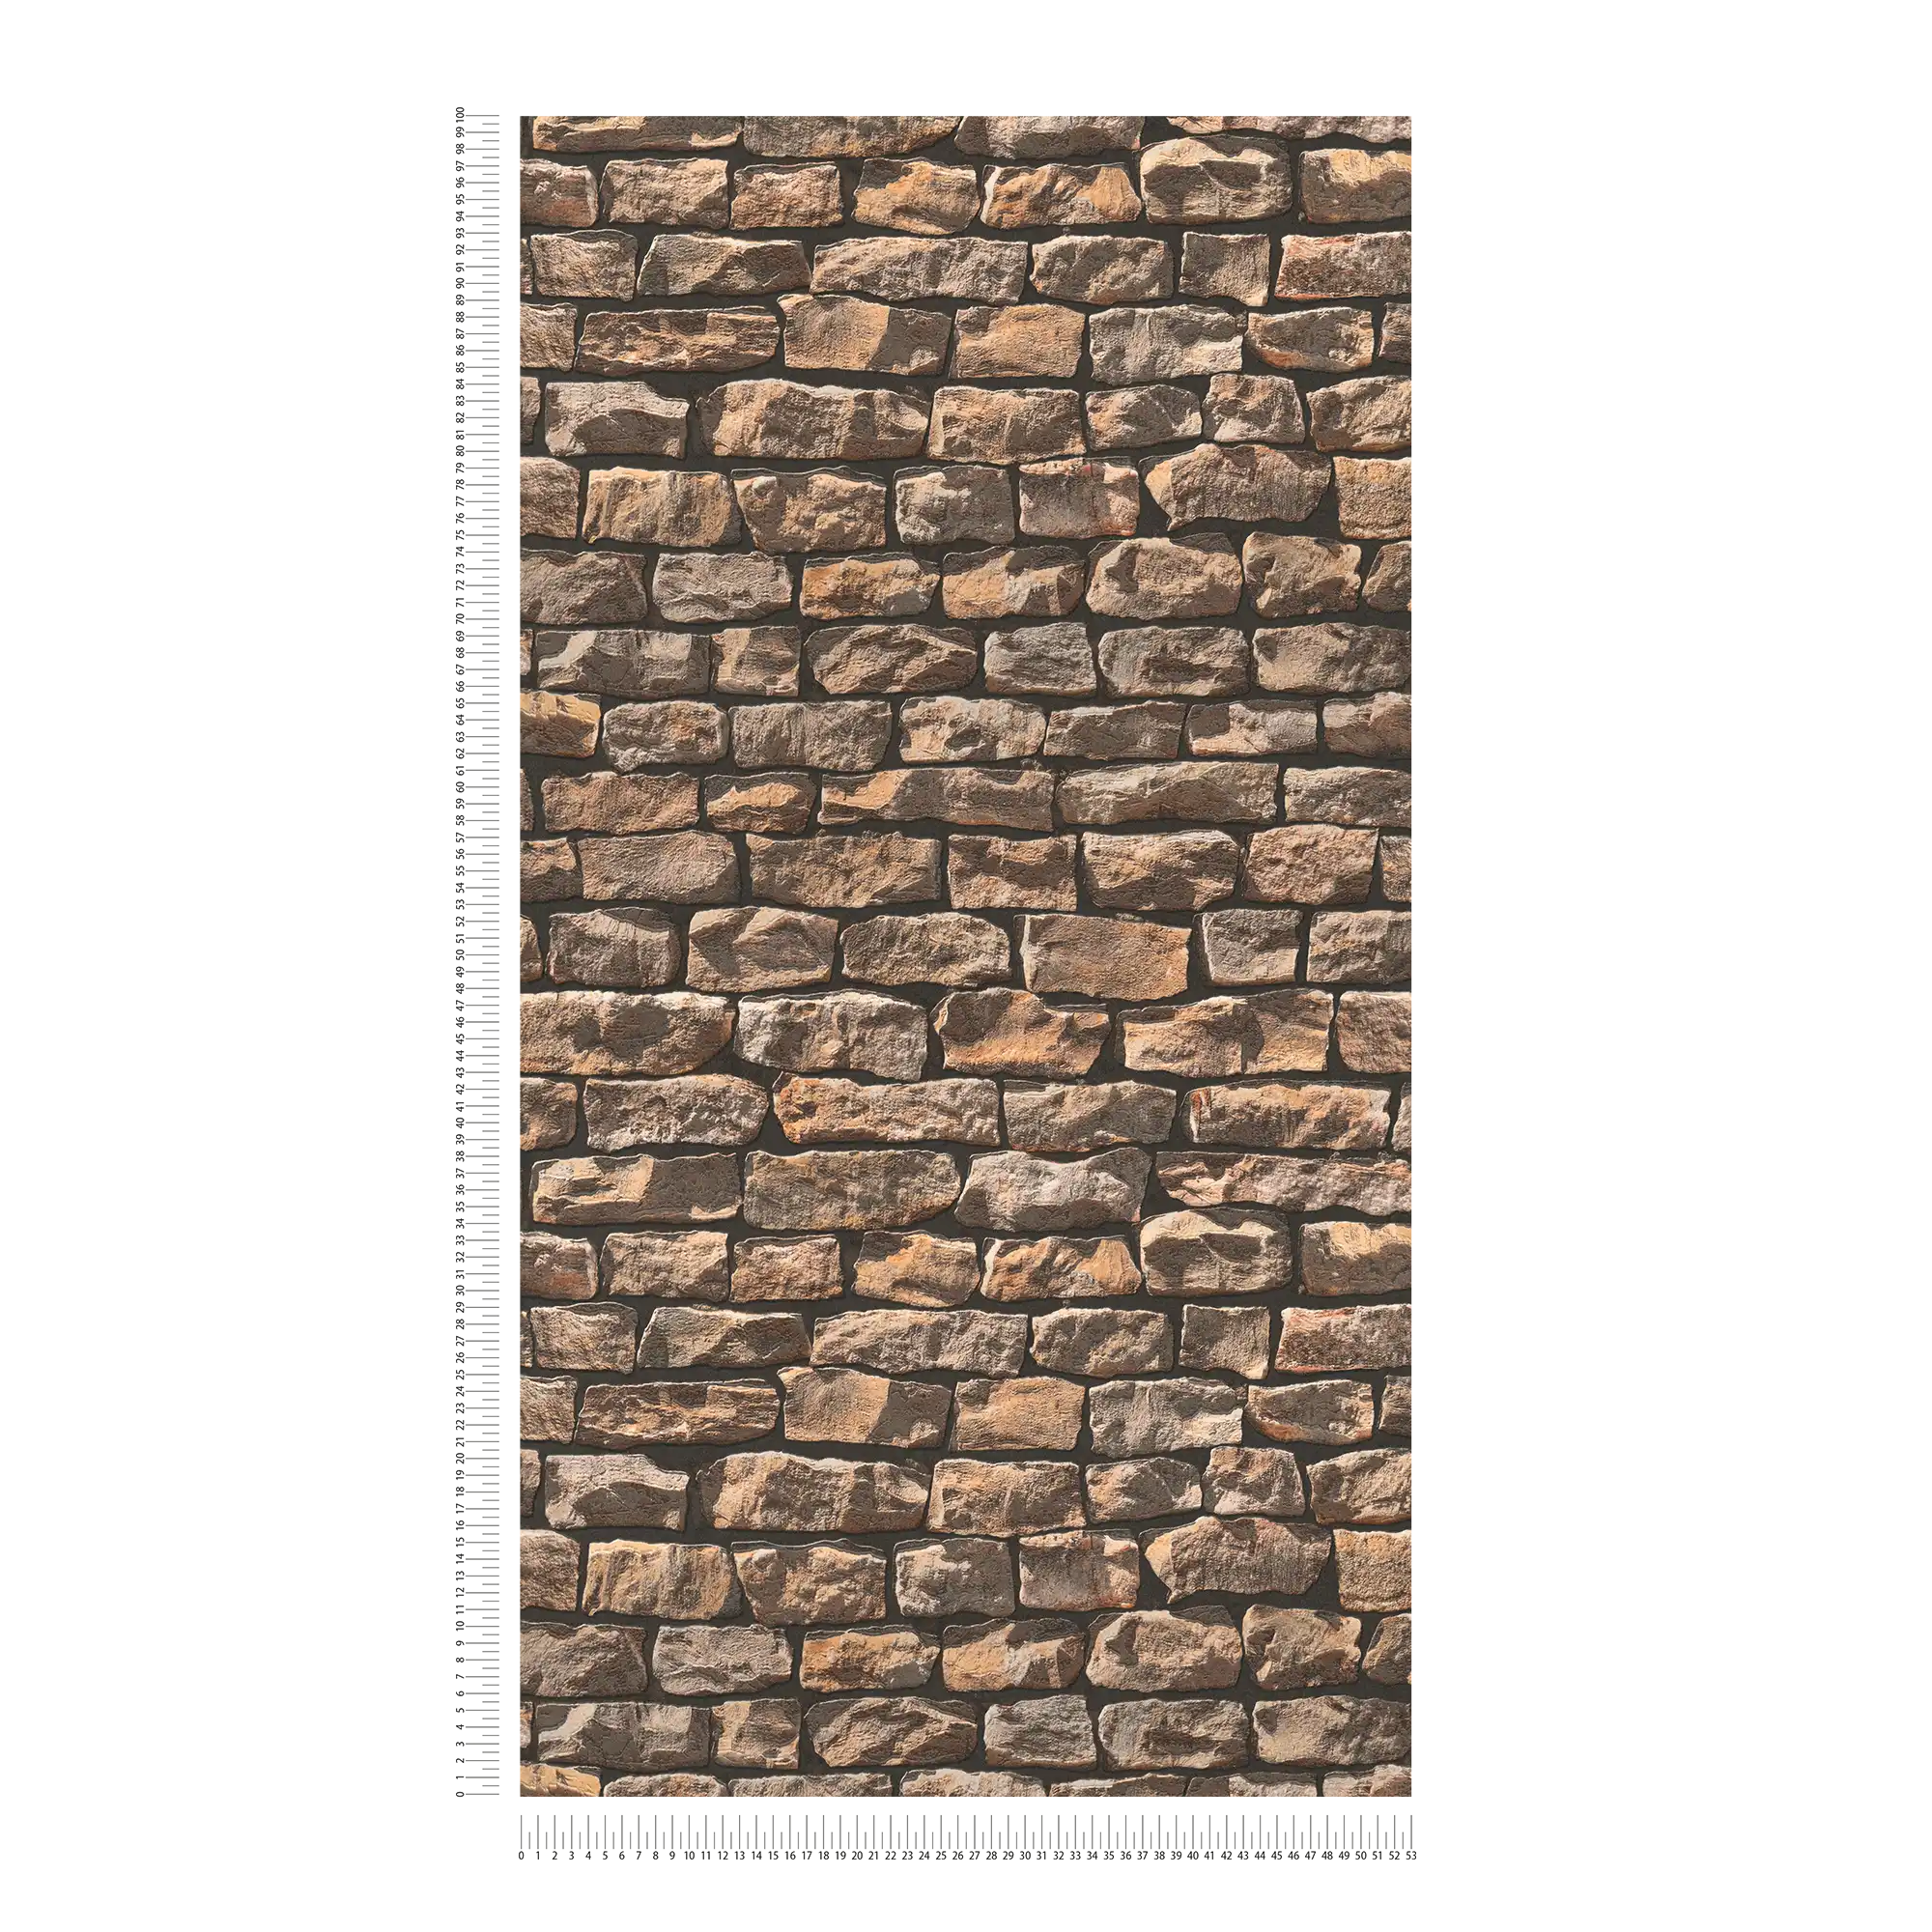             Carta da parati in muratura con pietre naturali realistiche - marrone, beige, nero
        
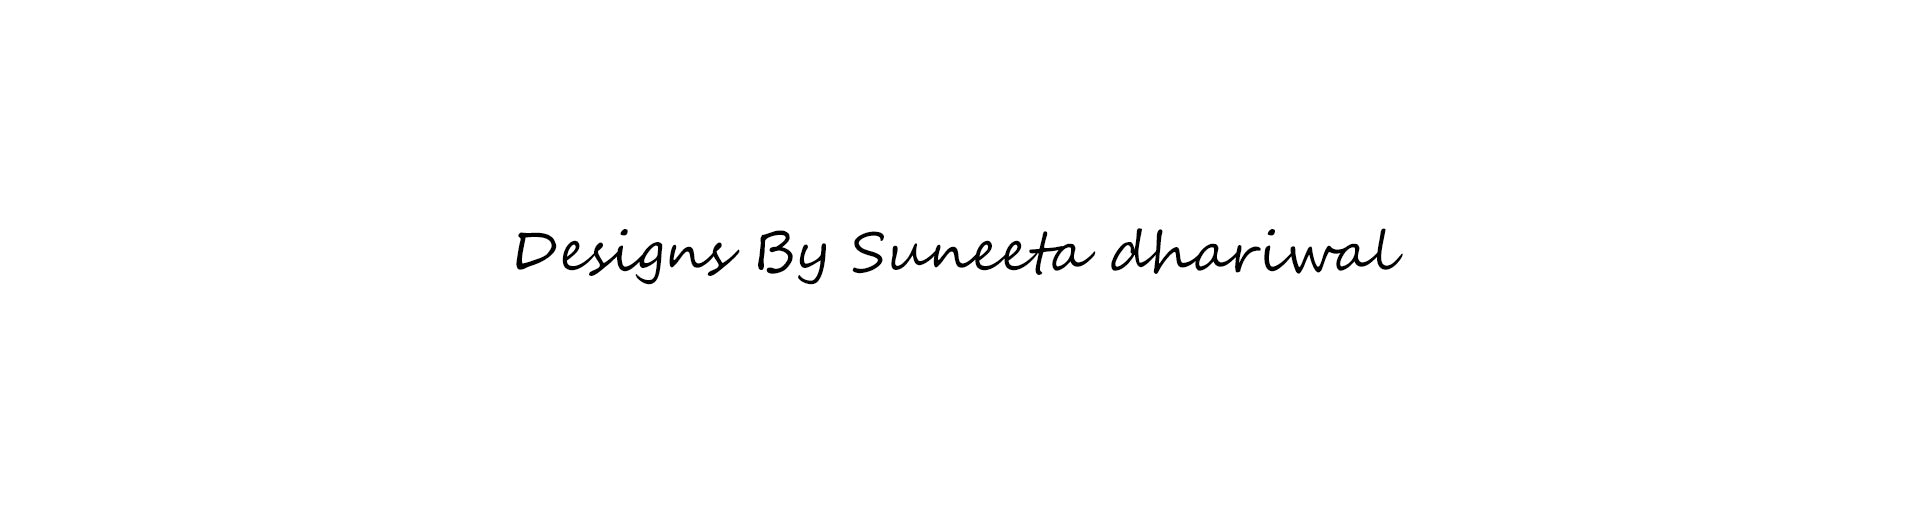 Suneeta dhariwal
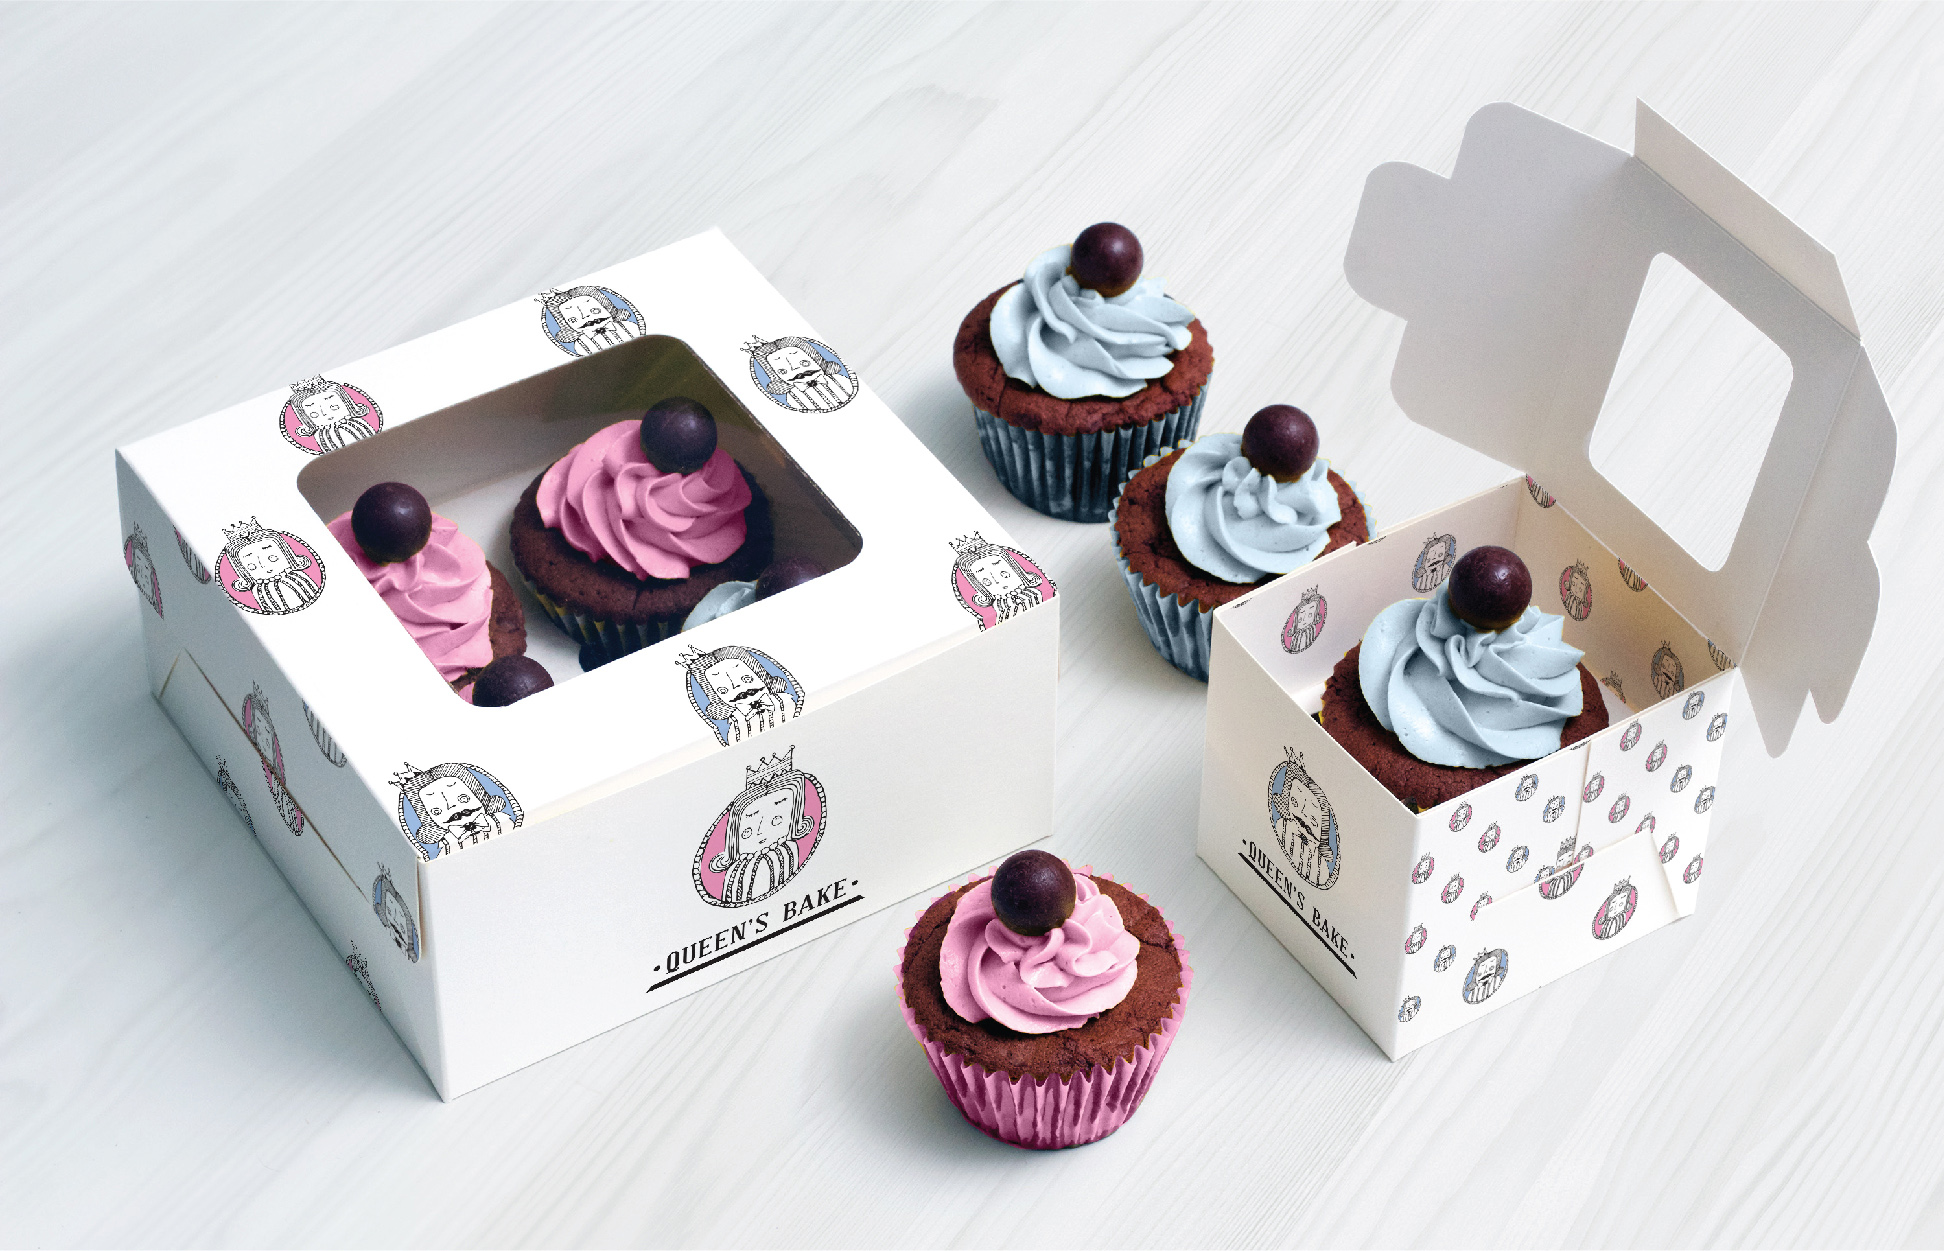 Queen’s Bake Branding by Liquid Advertising

+ + + +

**ABOUT THIS TASK:** The data is to be printed again exactly, but without its pictures.

**EXPECTED OUTPUT:**
             Carta da parati in muratura con pietre naturali realistiche - marrone, beige, nero
        
 Suneeta dhariwal
 Queen’s Bake Branding by Liquid Advertising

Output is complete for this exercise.